People are scared of brevity. It’s a limit: the amount of time we are allowed to walk on this Earth, kiss the people we love, watch the sunset. Everything centers around time. Length.

As a poet, I am scared of brevity. I am afraid that my poems will be lacking if they do not filtrate at least half the page. While I have written poems that are shorter, even upon completion, I felt as if they were missing complexity and depth in their truncated state.

This is not to say that I do not admire short poems; there is a tremendous amount of craft in poems that can create feeling and beauty in a smattering of lines. As poets we fall in love with individual lines in a poem before we profess our love for the entire poem. Yet, I still feel as if I must prove something in each poem- instill it with meaning- which often requires a substantial amount of space.
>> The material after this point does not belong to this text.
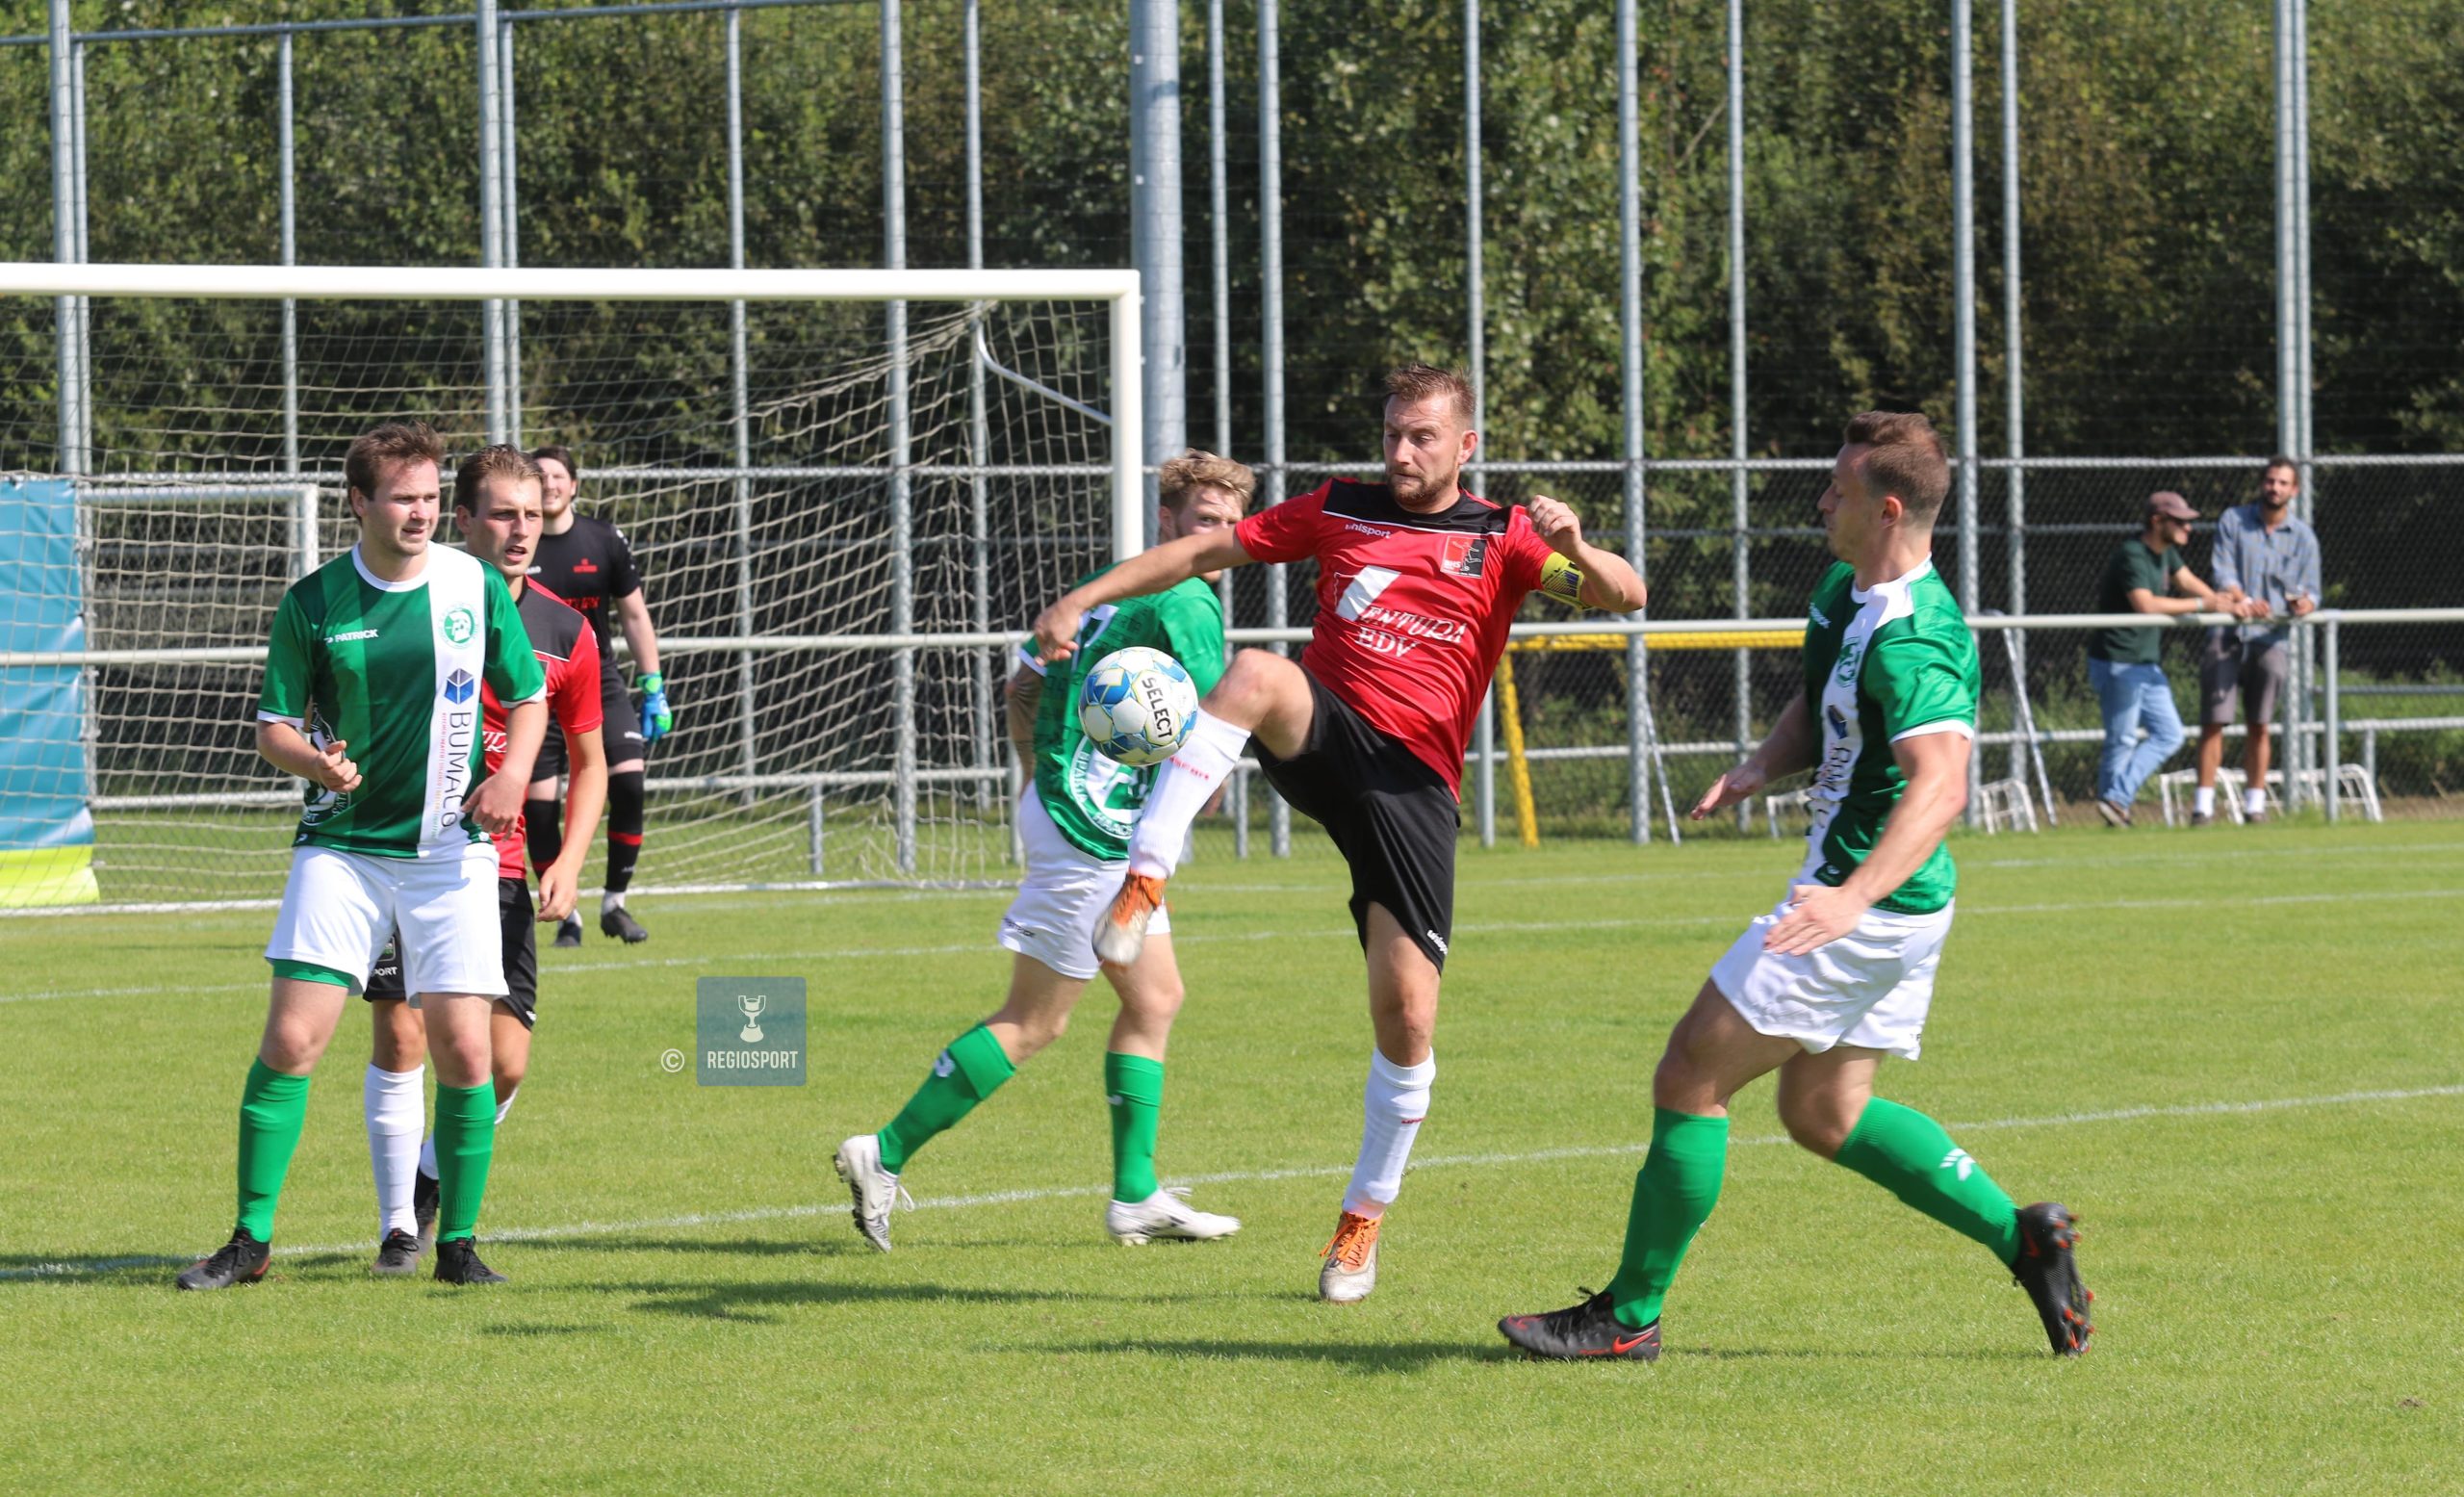 Tuur Poukens hield zich staande en scoorde een hattrick voor Sparta Haacht Statie tegen Langdorp!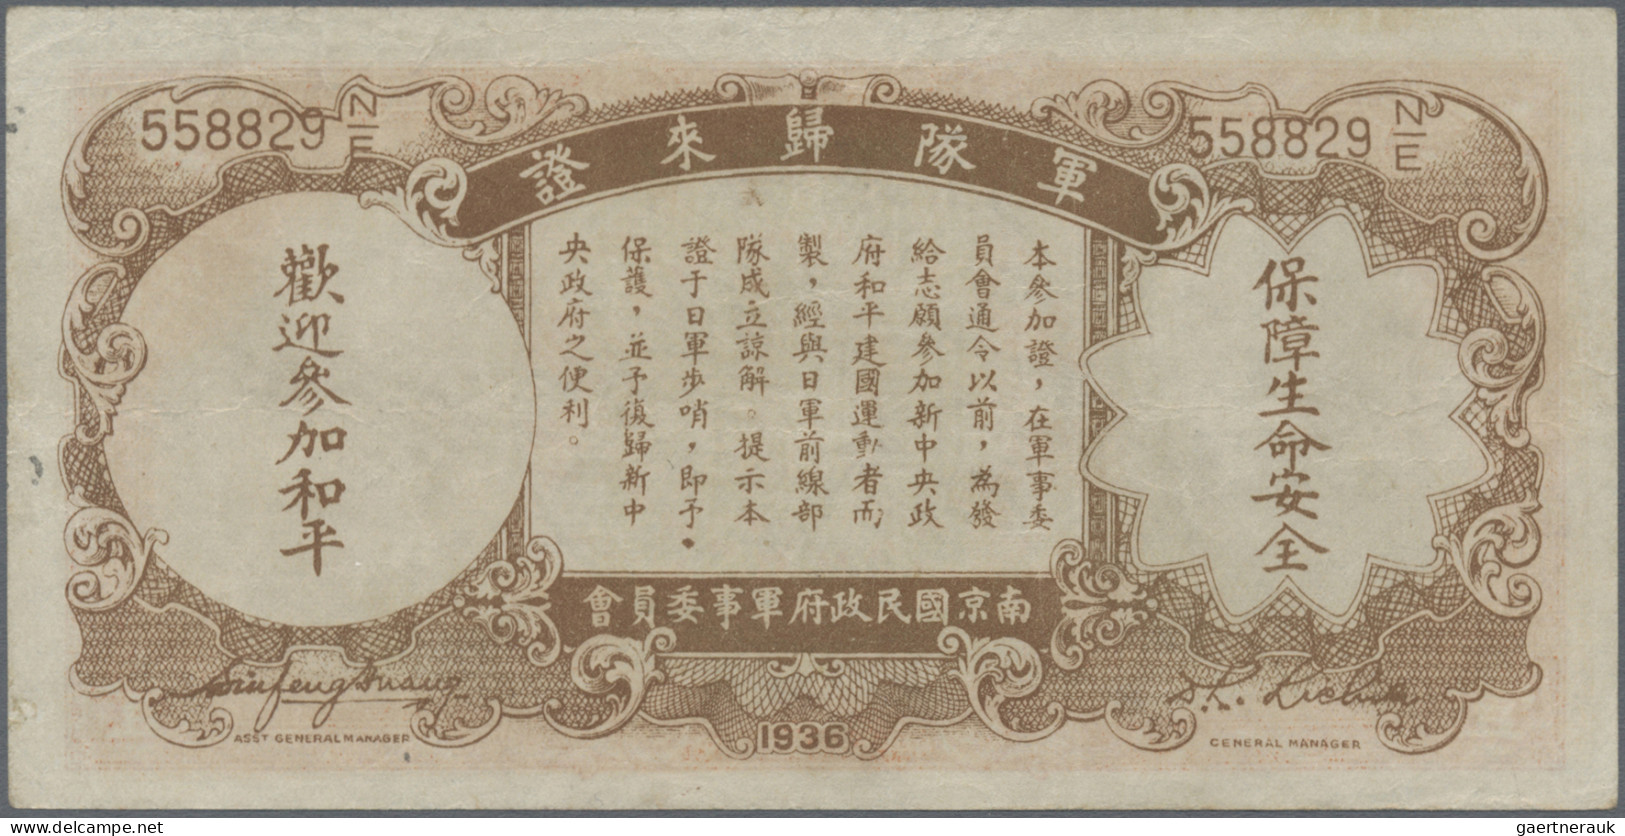 China: Central Bank Of China – Pass For Nanking Military Government, 1 Yuan 1936 - China

I find it difficult to forge a poem out of a few lines, a few words, though I know it is entirely possible. Look at haikus. People have been writing three-line poems for centuries. Haikus do not seem to be lacking; however, I am still unable to pinpoint what my personal poems seem to be missing when they are condensed.

Does anyone have other thoughts on short poems? Any experience writing short poems?

One Reply to “Brevity”

  1. Rachel,

    I think compression can be useful. Often, self-imposed length constraints force one to distill a poem into its most essential form — force one to find clarity.

    For me, this is useful when I attempt to unravel long strings of complicated thought. After cutting, the thematic elements I’ve prioritized subconsciously become evident. From there, I can begin to rework and refocus the original draft.

    Having said this, I encourage you to approach poetry as a case study in necessity — length is no exception. Give the poem what it calls for.

    Yes, some poets are minimalists — specialize in brevity — but you don’t have to be one of them.